The Islamists appear to be harming their own political position by making two mistakes. First, their attempts to carry out dramatic corporal punishments are taking attention away from the behaviors that originally made them more popular than the MNLA. The Islamists’ initial (relative) popularity, it seems, came about because they were preventing abuses by fighters, distributing food and aid, and providing rudimentary order. The Islamists seem to feel a religious imperative to mutilate alleged thieves and stone alleged adulterers, but in political terms these moves have probably begun to hurt them.

Second, the Islamists seem to be mismanaging dissent. Their confrontational approach either results in a crackdown, which likely leaves resentment simmering, or a loss of face for themselves, which is what the events on Saturday look like to me.

No one knows what will happen going forward. But it looks like the Islamist coalition will continue to face some resistance, particularly if their response to dissent is uncompromising.

[UPDATE:] MUJWA opts for more repression, generating more dissent.


A radio presenter was badly beaten by Islamists occupying the northern Mali town of Gao after he reported on a protest in which they were stopped from cutting off a thief’s hand, hospital sources said Monday.
Hundreds of people protested on Sunday night in Gao against [presenter Abdoul Malick] Maiga’s detention and demanded his release, setting fire to a car belonging to a leader of the Movement for Oneness and Jihad in West Africa (MUJAO) which controls the town.
The Islamists fired shots into the air to disperse the crowd.



4 thoughts on “Mali: A Backlash against the Islamist Coalition? [Updated]

  1. Pingback: Hope for ordinary Malians? « developingnathan

  2. Great insight, Alex.

    For what it’s worth, I interviewed several people in Gao over the phone last week and the emerging narrative seems to be more in line with the second interpretation you proposed.

    It appears most Gao residents welcomed the demise of the MNLA at the hands of MUJWA, because they saw it as the first step in a process of getting things “back to normal”. Now they are organizing to marginalize MUJWA through dialogue (several sources confirmed that fora for dialogue/negotiations between community leaders and MUJWA are being organized throughout the region).

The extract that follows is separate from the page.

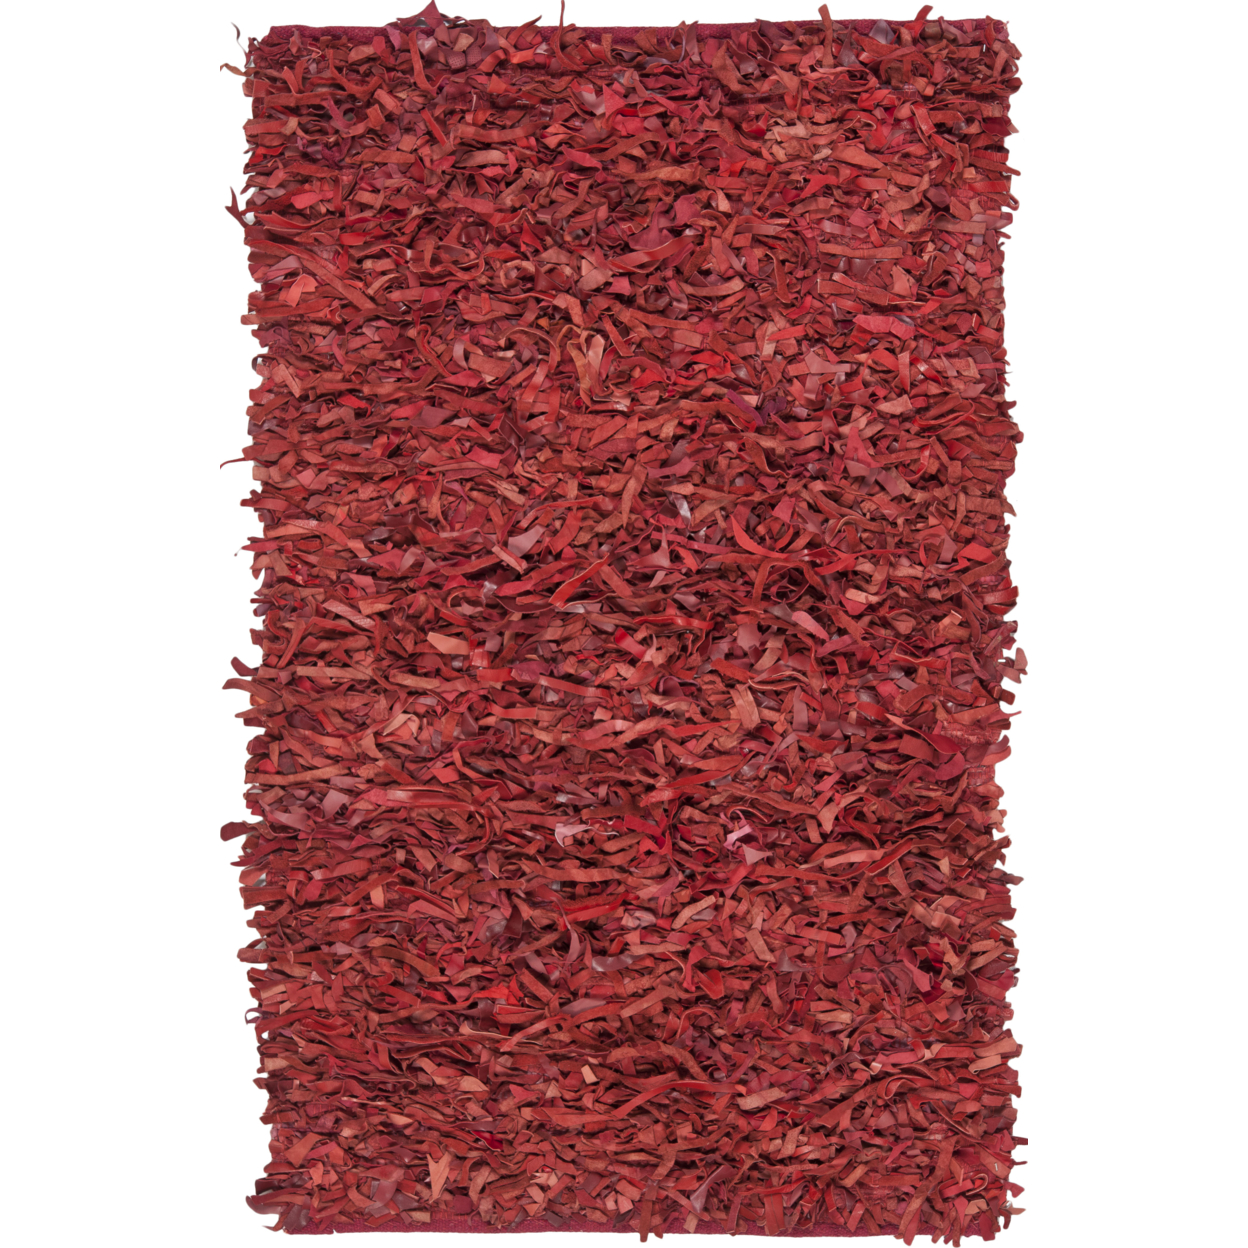 SAFAVIEH Leather Shag LSG511D Hand-knotted Red Rug - 4' Round

    I am yet to interview a Gao resident who supports any sort of external intervention at the moment. It is as if they think things are heading in the right direction and a haphazardly planned intervention would disrupt the “process”.

    Gao, Timbuktu and Kidal are three very different cities, and local dynamics are shaping populations’ attitudes and responses to their respective (and different) “occupiers”. An event in one city does not necessarily resonate with the populations of the others.

    • Thanks Peter. You make a really good point about the need to think differently about the three cities.

      What did you think of that interview with the mayor of Gao?

      • I thought the most interesting part of the Diallo interview was his assertion that the people “terrorizing” Gao-ville were youth from the city who have been empowered by MUJWA, with MUJWA proper only coming to the city “to do business”.

        That might explain why some Gao residents think they can marginalize MUJWA, as they are dealing with “their own”. Though as you said, it’s very hard to get a clear picture.